This book has sufficient material for two full-length semester courses in advanced engineering dynamics. As such it contains two tracks (which overlap in places). During the first course a Newton-Euler approach is used, followed by a Lagrangian approach in the second. In discussing rotations for the second course, time constraints permit a detailed discussion of only the Euler angle parameterization of a rotation tensor from Chapter 6 and a brief mention of the examples on rigid body dynamics discussed in Chapter 9. The text includes invaluable exercises at the end of each chapter that are highly structured and intended as a self-study aid.
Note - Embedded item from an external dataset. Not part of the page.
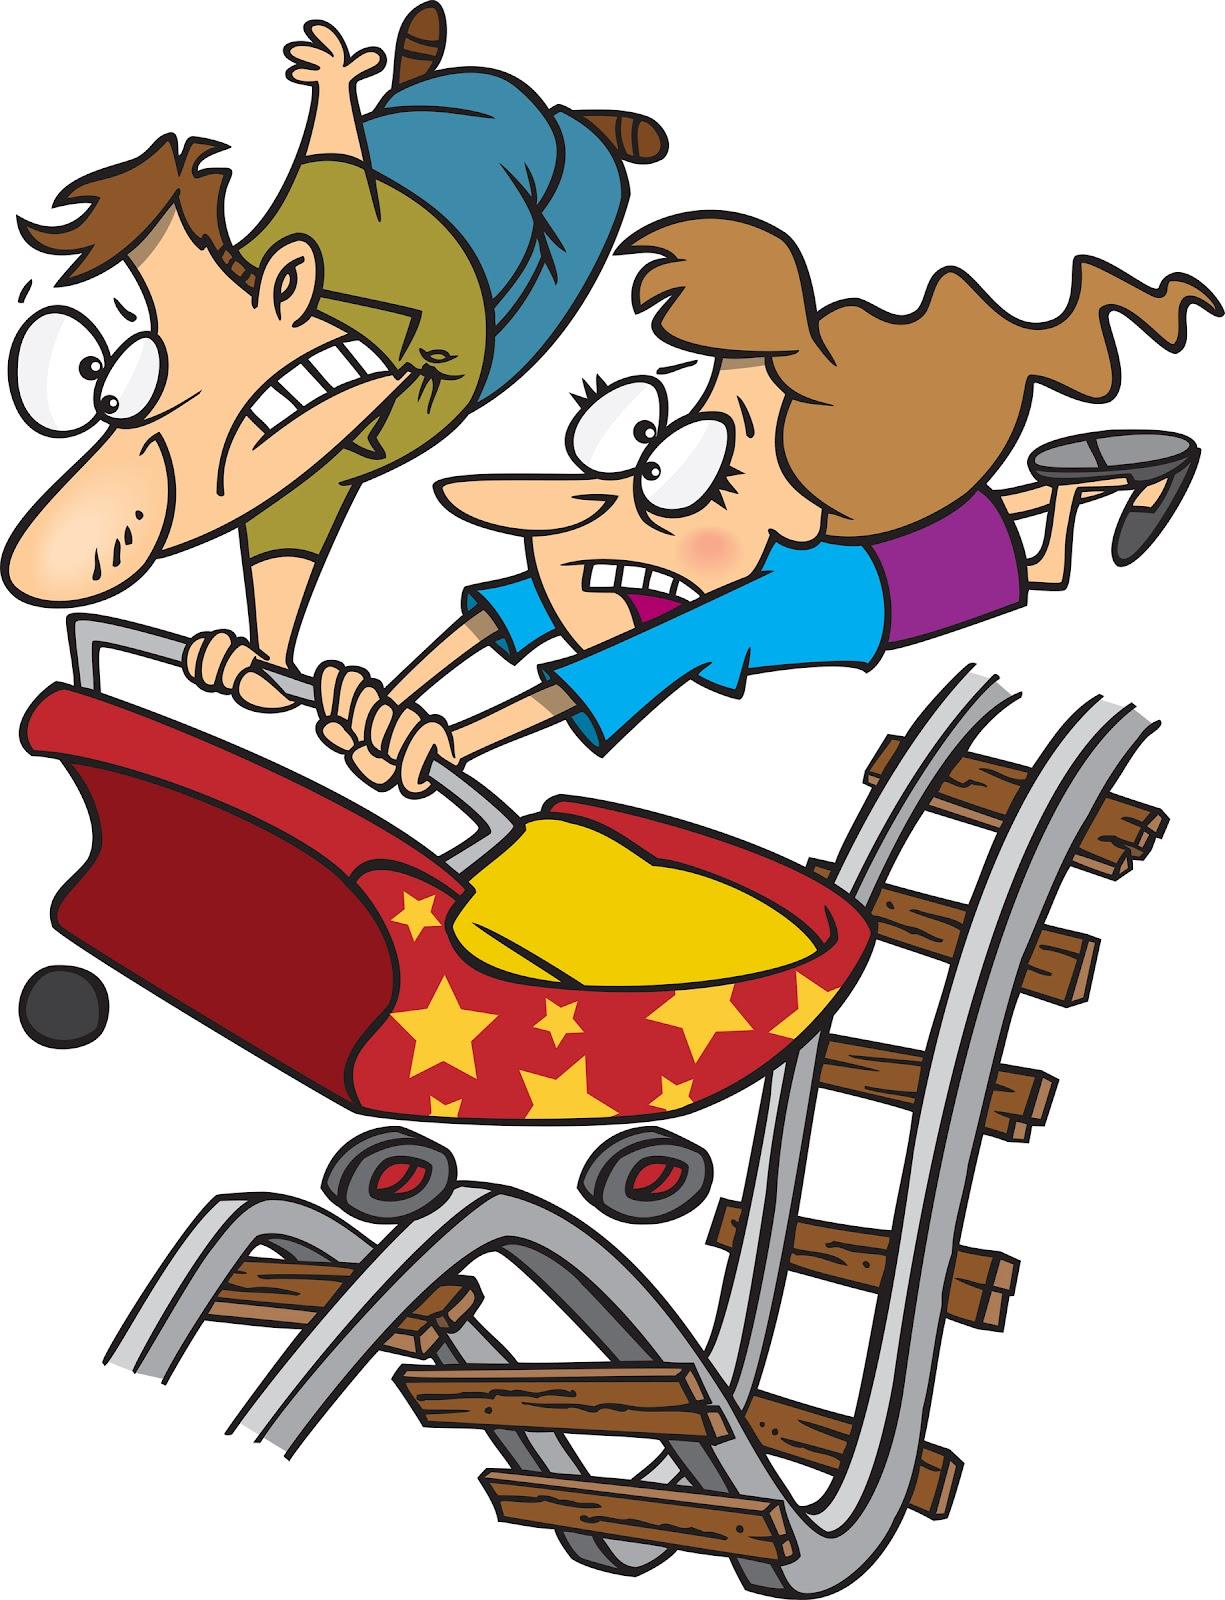 Cartoon clipart roller coaster Roller art Coaster Clipartix Roller

Validated solutions are provided, many of which can be performed in simulation using MATLAB® or Mathematica®.

### Contents

Part I. Dynamics of a Single Particle: 1. Kinematics of a particle; 2. Kinetics of a particle; 3. Lagrange's equations of motion for a single particle; Part II. Dynamics of a System of Particles: 4. The equations of motion for a system of particles; 5. Dynamics of systems of particles; Part III. Dynamics of a Single Rigid Body: 6. Rotation tensors; 7. Kinematics of rigid bodies; 8. Constraints on and potentials for rigid bodies; 9. Kinetics of a rigid body; 10. Lagrange's equations of motion for a single rigid body; Part IV. Systems of Rigid Bodies: 11. Introduction to multibody systems; Appendix 1. Background on tensors; Bibliography; Index.